FICO Score vs. Credit Score
If you consider “FICO Scores” to be synonymous with all credit scores, you’re not the only one. People often use the two terms interchangeably, but a FICO Score is just one type of consumer credit score.
We explain just what a FICO Score is, how it’s calculated and compare it to another popular scoring model, the VantageScore.
FICO Score vs. VantageScore
The first thing to note is that there are multiple versions of both the FICO Score and VantageScore as they are updated every few years The most recent versions for each scoring model are FICO Score 10 and 10T, introduced in summer 2020, and the VantageScore 4.0. Even as newer versions are released, many lenders are slow to adopt them, with the FICO Score 8 being the most used among lenders today.
Also know that your FICO Score numbers can vary depending on where you check them because the three major consumer credit bureaus, Equifax, Experian and TransUnion, each produce their own FICO Score. Depending on which bureau’s data is being used to generate your credit score, that’s why you may see different scores, as not all lenders report to all three credit bureaus and not all the account and payment data may be current.
When you apply for credit, such as a credit card, student or auto loan or mortgage, lenders typically view your credit reports and FICO Scores before making a decision. FICO’s website claims the FICO Score is the most commonly used type of credit score, citing a 2018 Mercator Advisory Group Analyst Report that states more than 90% of lending decisions in the U.S. rely on a FICO Score.
Its competitor, the VantageScore, was introduced as a joint effort between the three credit bureaus in 2006. Unlike the FICO Score model, VantageScore doesn’t generate a different score based on which bureau’s data is being used. Instead, it relies on data from all three in a tri-bureau scoring model.
Among financial institutions in the U.S., “eight of the 10 largest banks and 32 of the 100 largest credit unions used VantageScore credit scores in one or more lines of business,” according to a 2018 report by management consulting firm Oliver Wyman.
How your FICO Score is calculated
The following factors make up your FICO Score:
Typically, your FICO Score can range from 300 to 850. Some versions may have a different range, however. For example, the FICO Bankcard Score 8 has a range of 250 to 900.
How your VantageScore is calculated
The following factors make up your VantageScore:
The most recent version of VantageScore, VantageScore 4.0, ranges from 300 to 850.

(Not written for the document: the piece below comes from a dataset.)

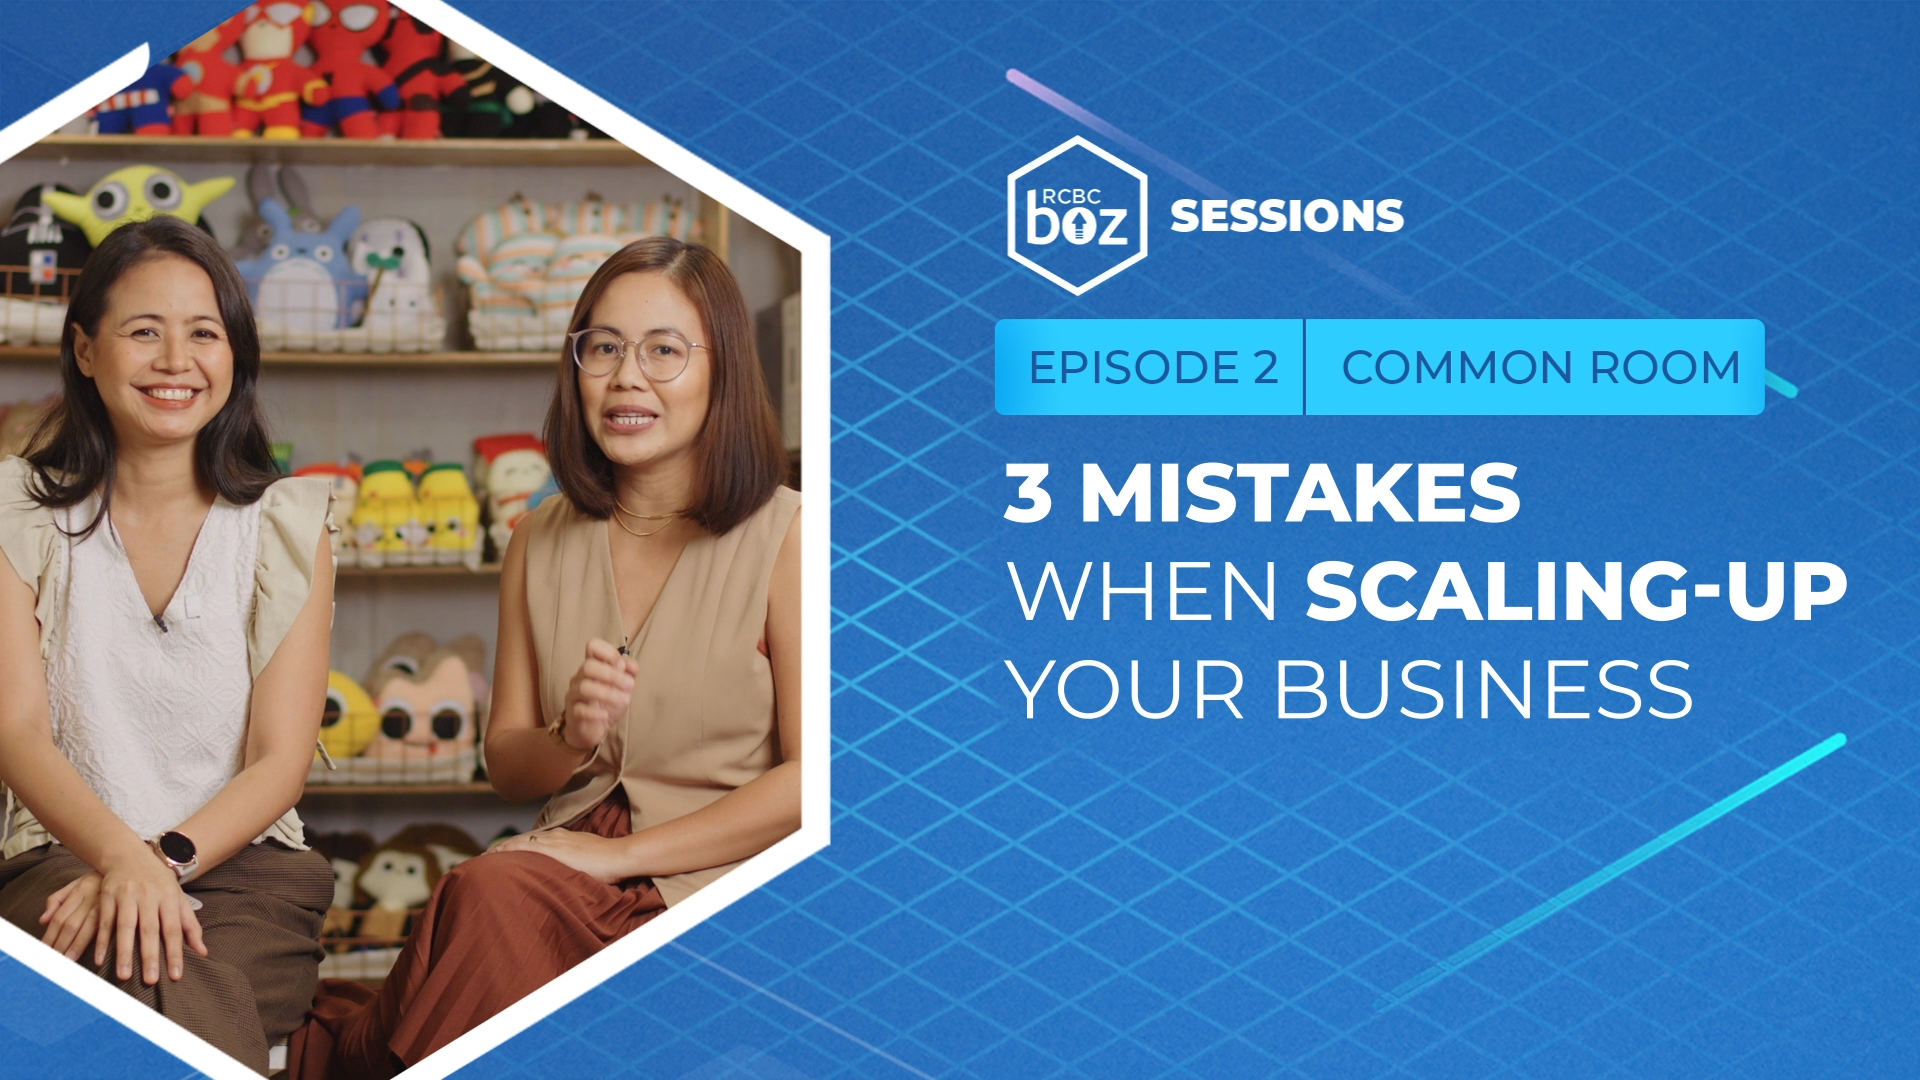 RCBC Boz Sessions: 3 Mistakes When Scaling-Up Your Business ft. Common Room PH
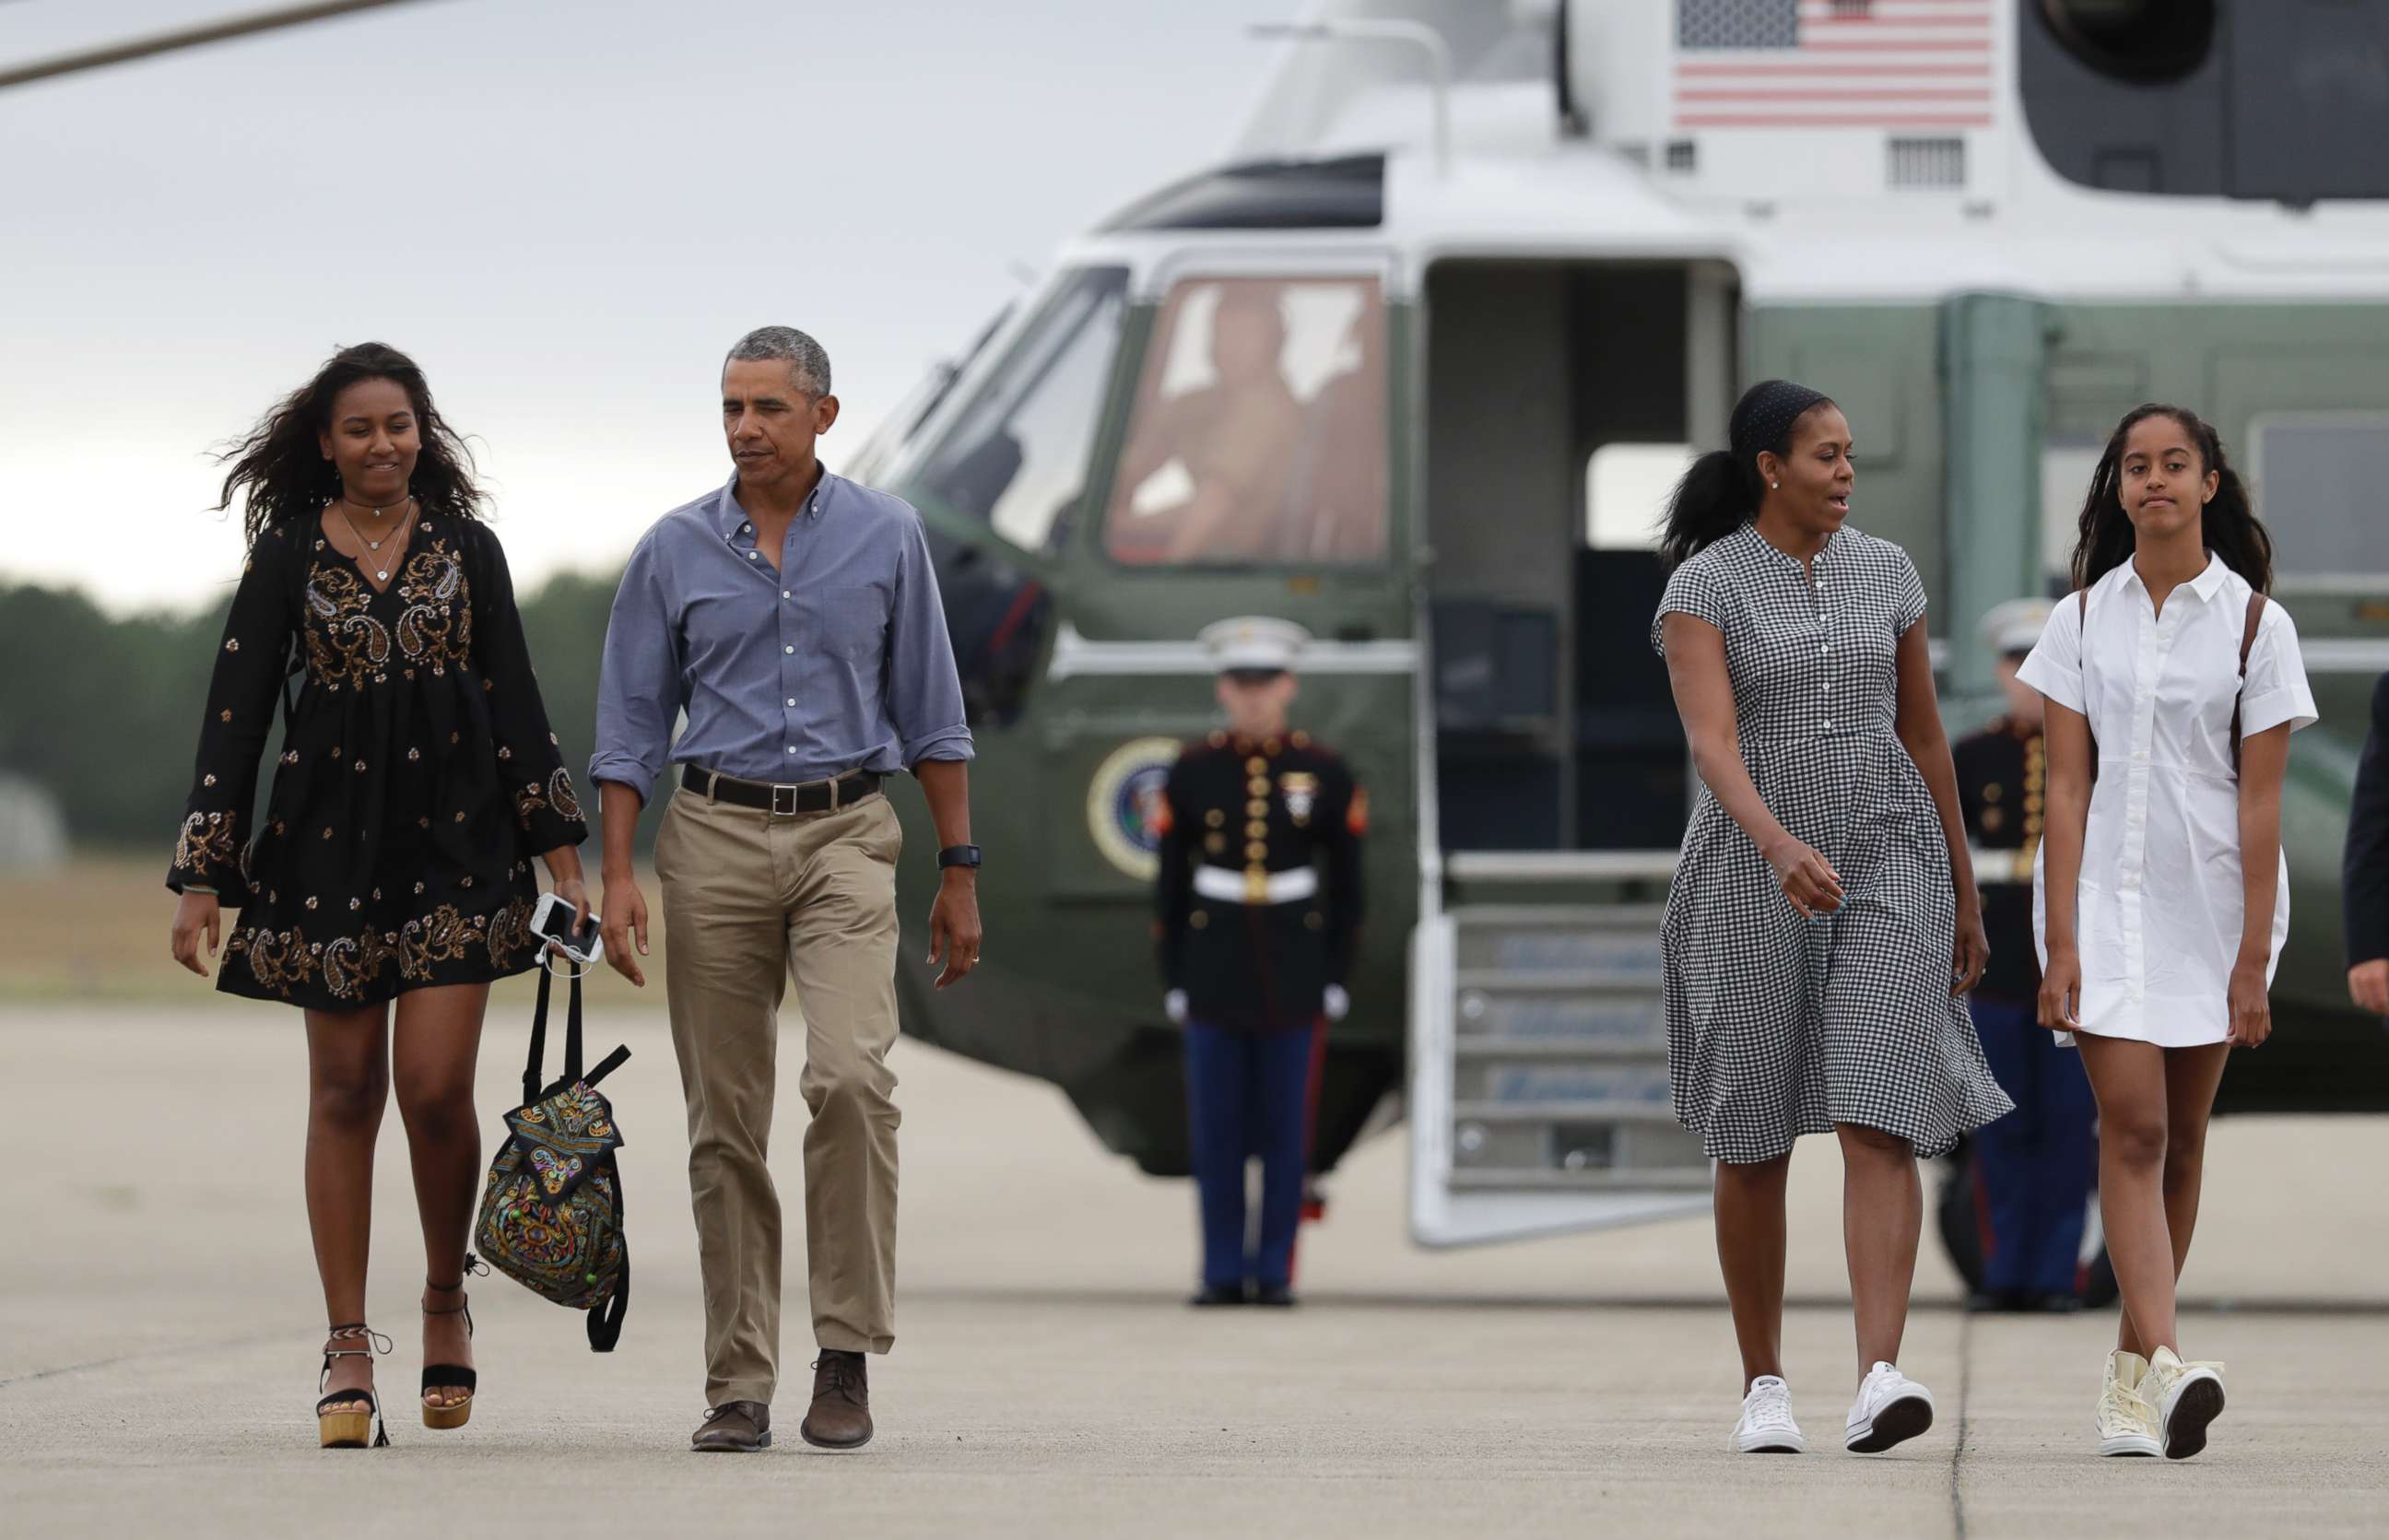 PHOTO: President Barack Obama with first lady Michelle Obama and their daughters Malia, right, and Sasha, left, walk on the tarmac to board Air Force One at Air Station Cape Cod in Mass., Sunday, Aug. 21, 2016.

What is a good credit score?
FICO breaks down credit scores into five tiers:
Lenders use credit scores to estimate the risk they may take on if they extend credit to you and help determine the interest rates on any products they may offer you. Typically, a “very good” credit score will be enough to qualify you for some of the best rates on credit products.
In addition to your credit score, lenders may consider other factors in determining your creditworthiness, such as your income, past relationship with the lender and/or your debt-to-income ratio.
Depending on what type of credit you’re applying for, lenders may refer to different scores. For example, if you’re applying for an auto loan, the financial institution might use one of these:
- FICO Auto Score 2
- FICO Auto Score 4
- FICO Auto Score 5
- FICO Auto Score 8
But when applying for a mortgage, the financial institution might reference one of these instead:
- FICO Score 2
- FICO Score 4
- FICO Score 5
How can you check your credit score?
If you have a credit card from one of these issuers, you have free FICO Score access:
- American Express
- Wells Fargo
If you have a credit card from one of these issuers, you have free VantageScore access:
- Capital One
- U.S. Bank
And if you don’t have a card with any of the above issuers, you can still get a free credit score through:
- CreditWise from Capital One (VantageScore)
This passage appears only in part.